* [Work item]: Repeat, word for word and with nothing added, each line from the one containing "Pesce Farfalla Mascherato" to the final line of the data, keeping both ends. Pictures are not part of the copy.

* [Recorded data]:
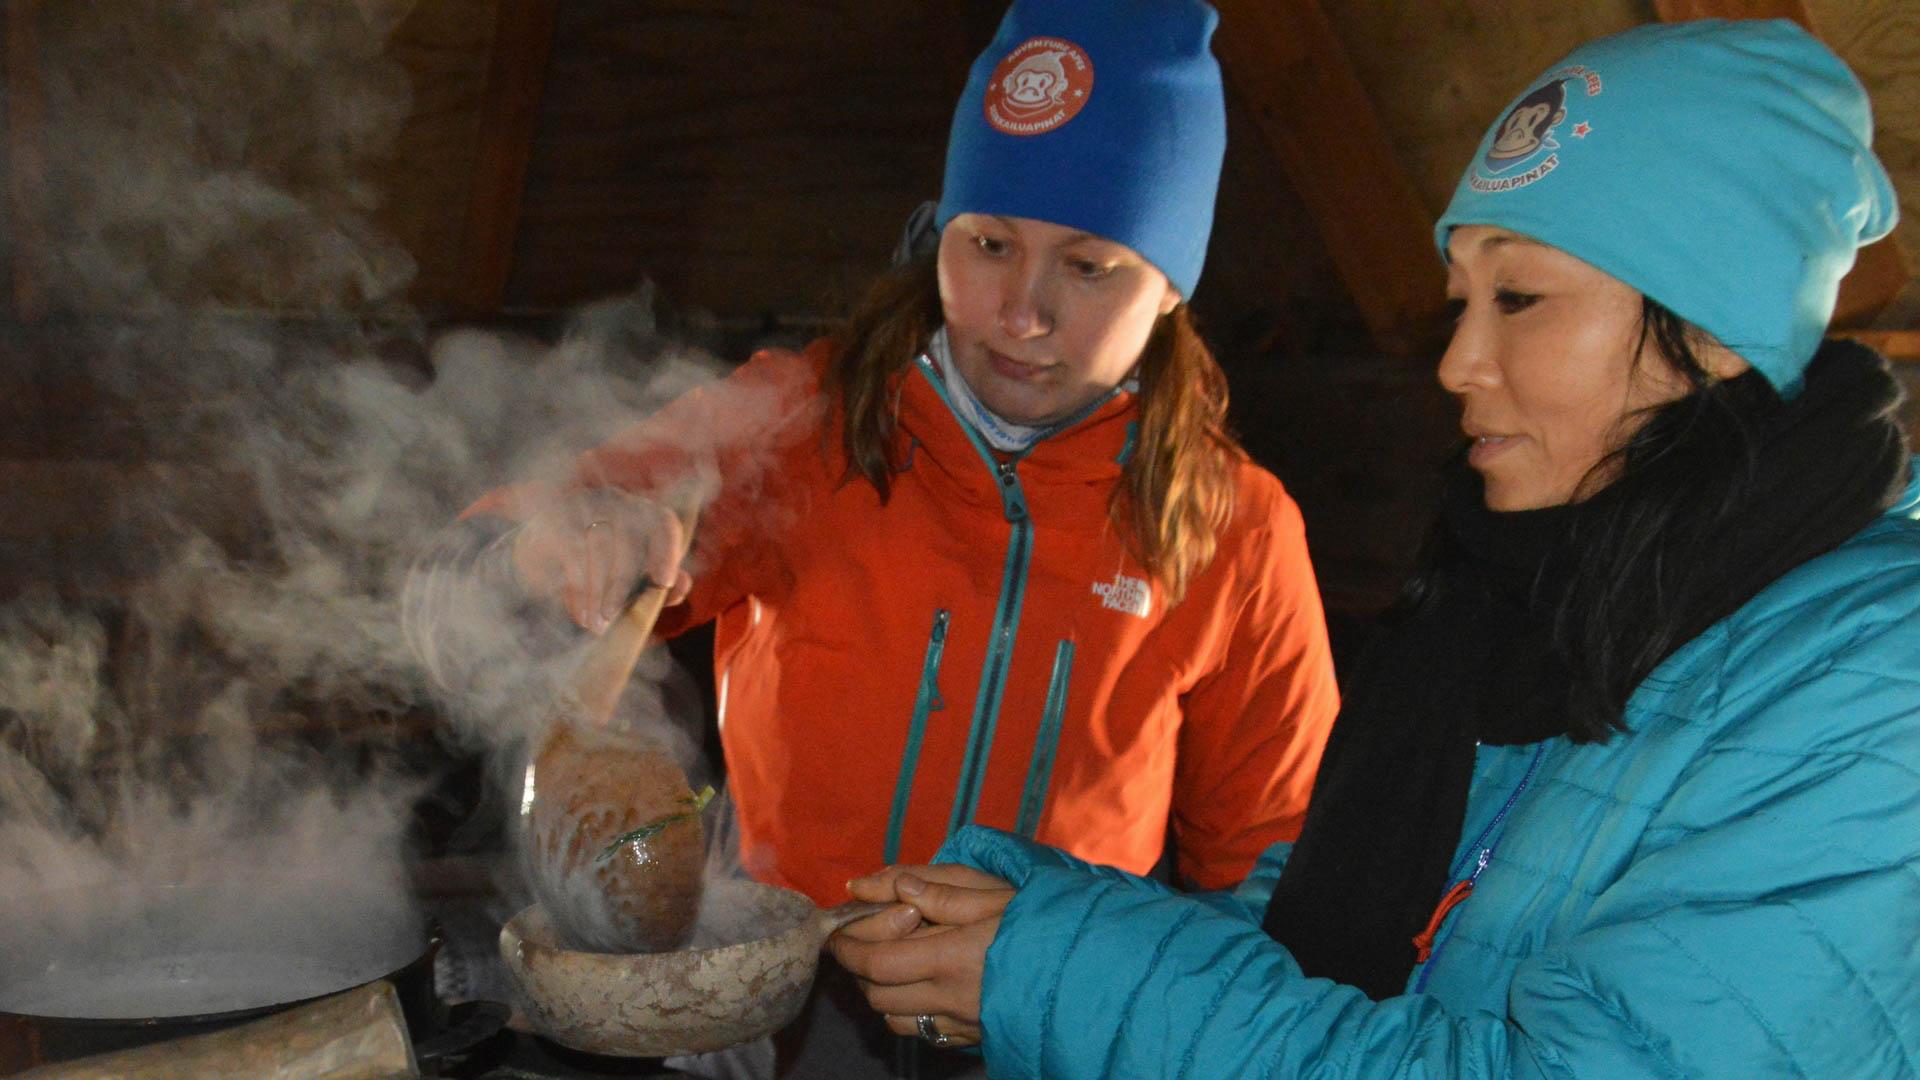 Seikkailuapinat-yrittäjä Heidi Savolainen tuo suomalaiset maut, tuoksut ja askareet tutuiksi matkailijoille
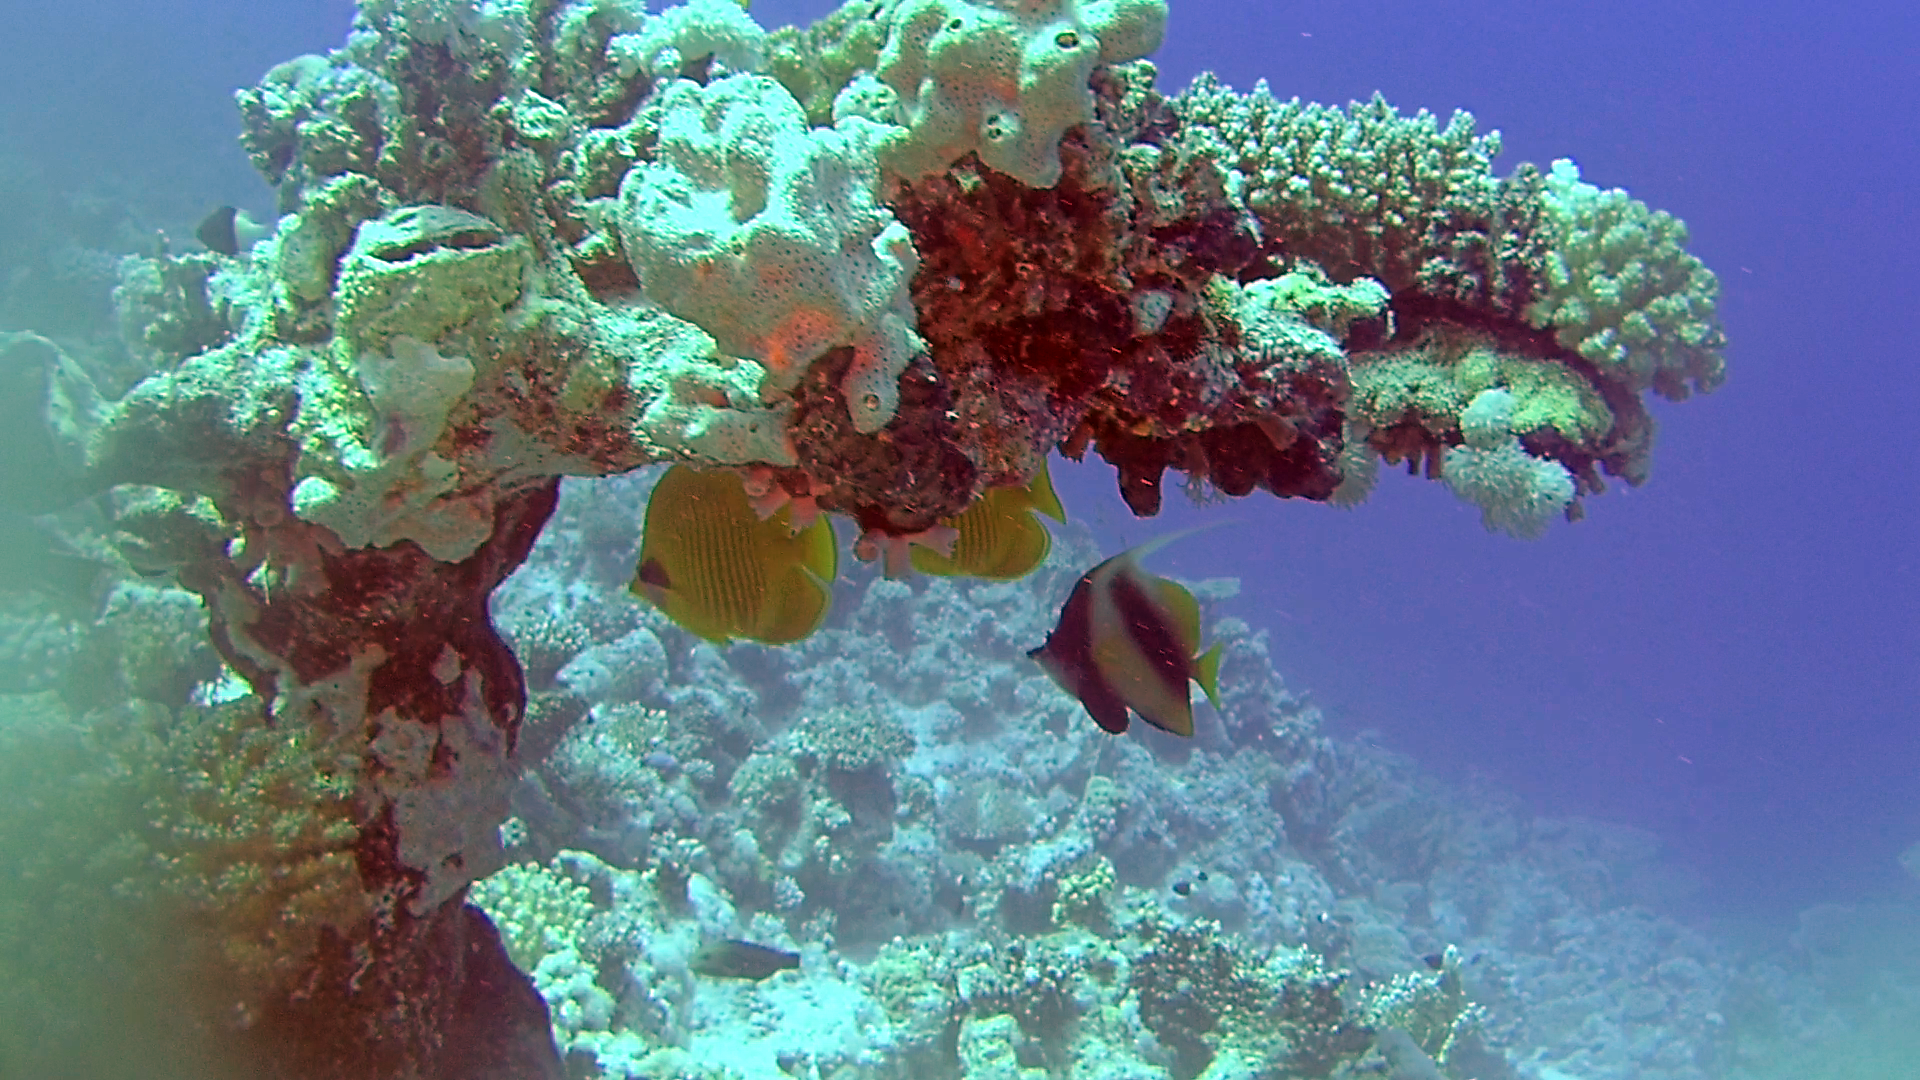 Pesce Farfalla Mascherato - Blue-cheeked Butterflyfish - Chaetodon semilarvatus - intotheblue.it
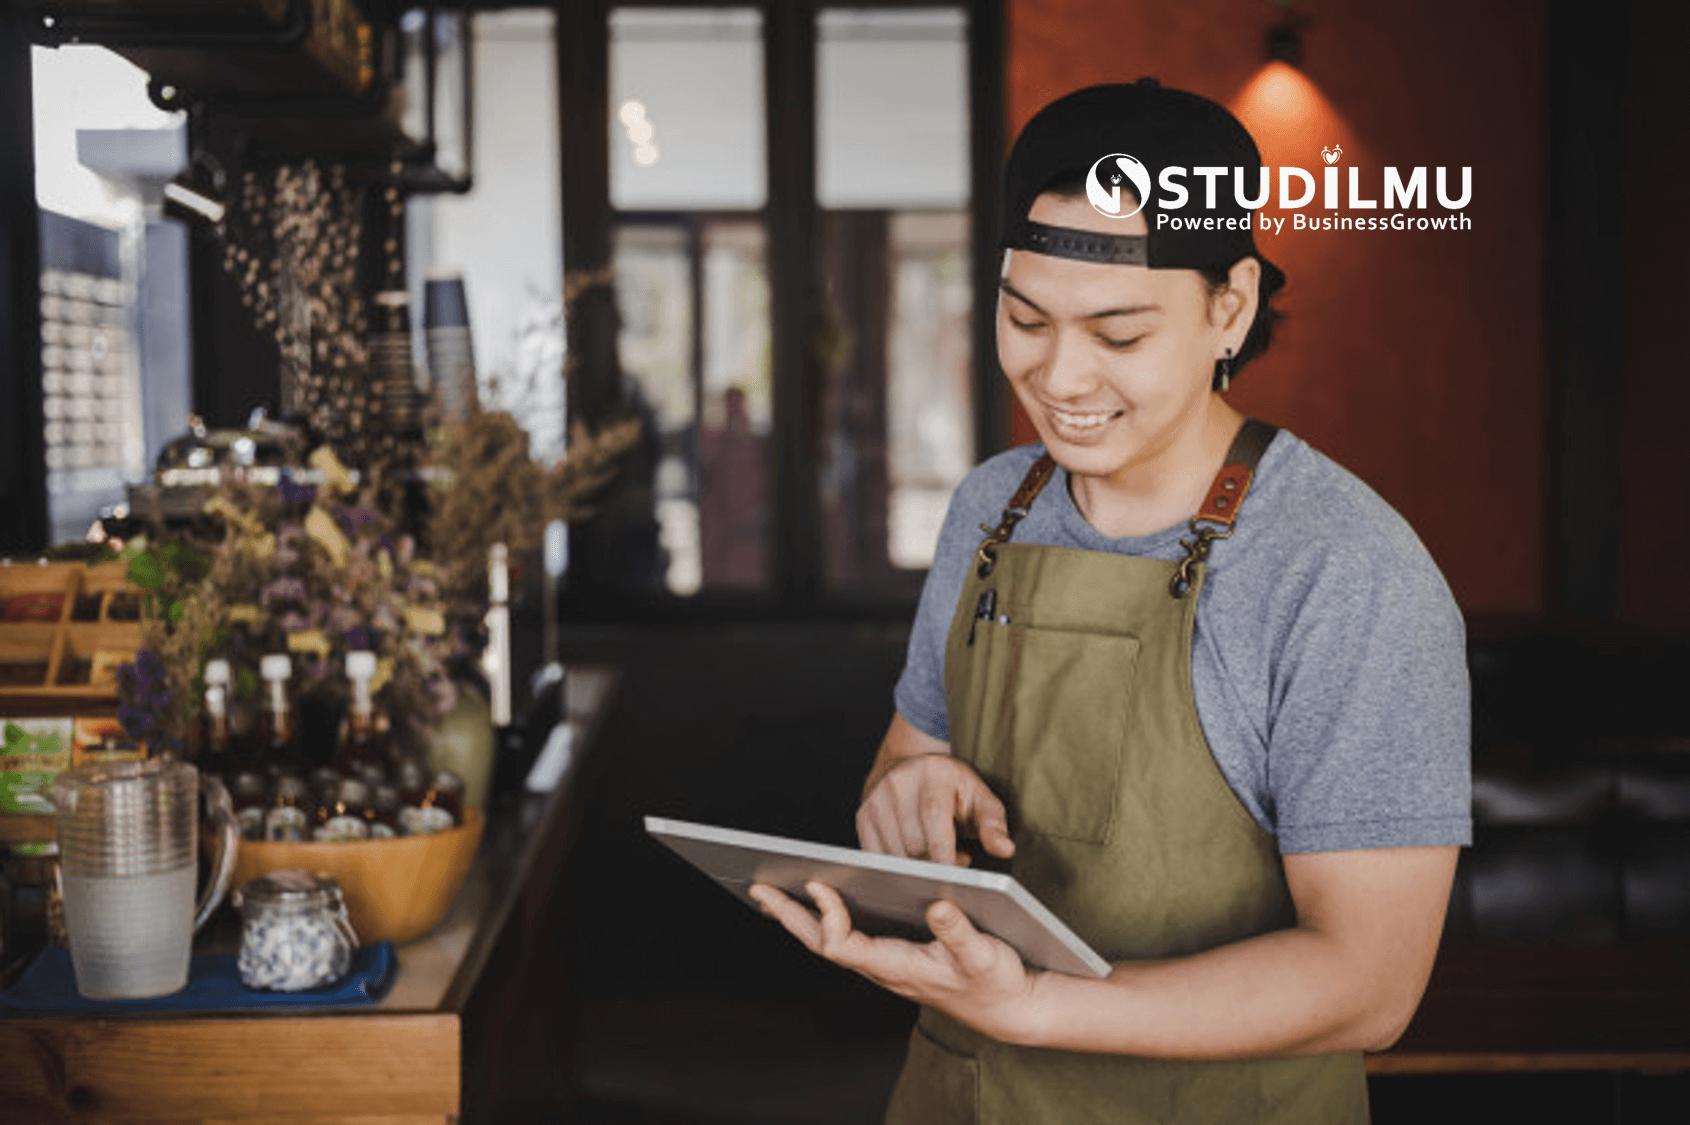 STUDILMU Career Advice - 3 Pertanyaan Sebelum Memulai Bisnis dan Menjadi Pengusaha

* [Solution to this task]:
 Pesce Farfalla Mascherato - Blue-cheeked Butterflyfish - Chaetodon semilarvatus - intotheblue.it
 STUDILMU Career Advice - 3 Pertanyaan Sebelum Memulai Bisnis dan Menjadi Pengusaha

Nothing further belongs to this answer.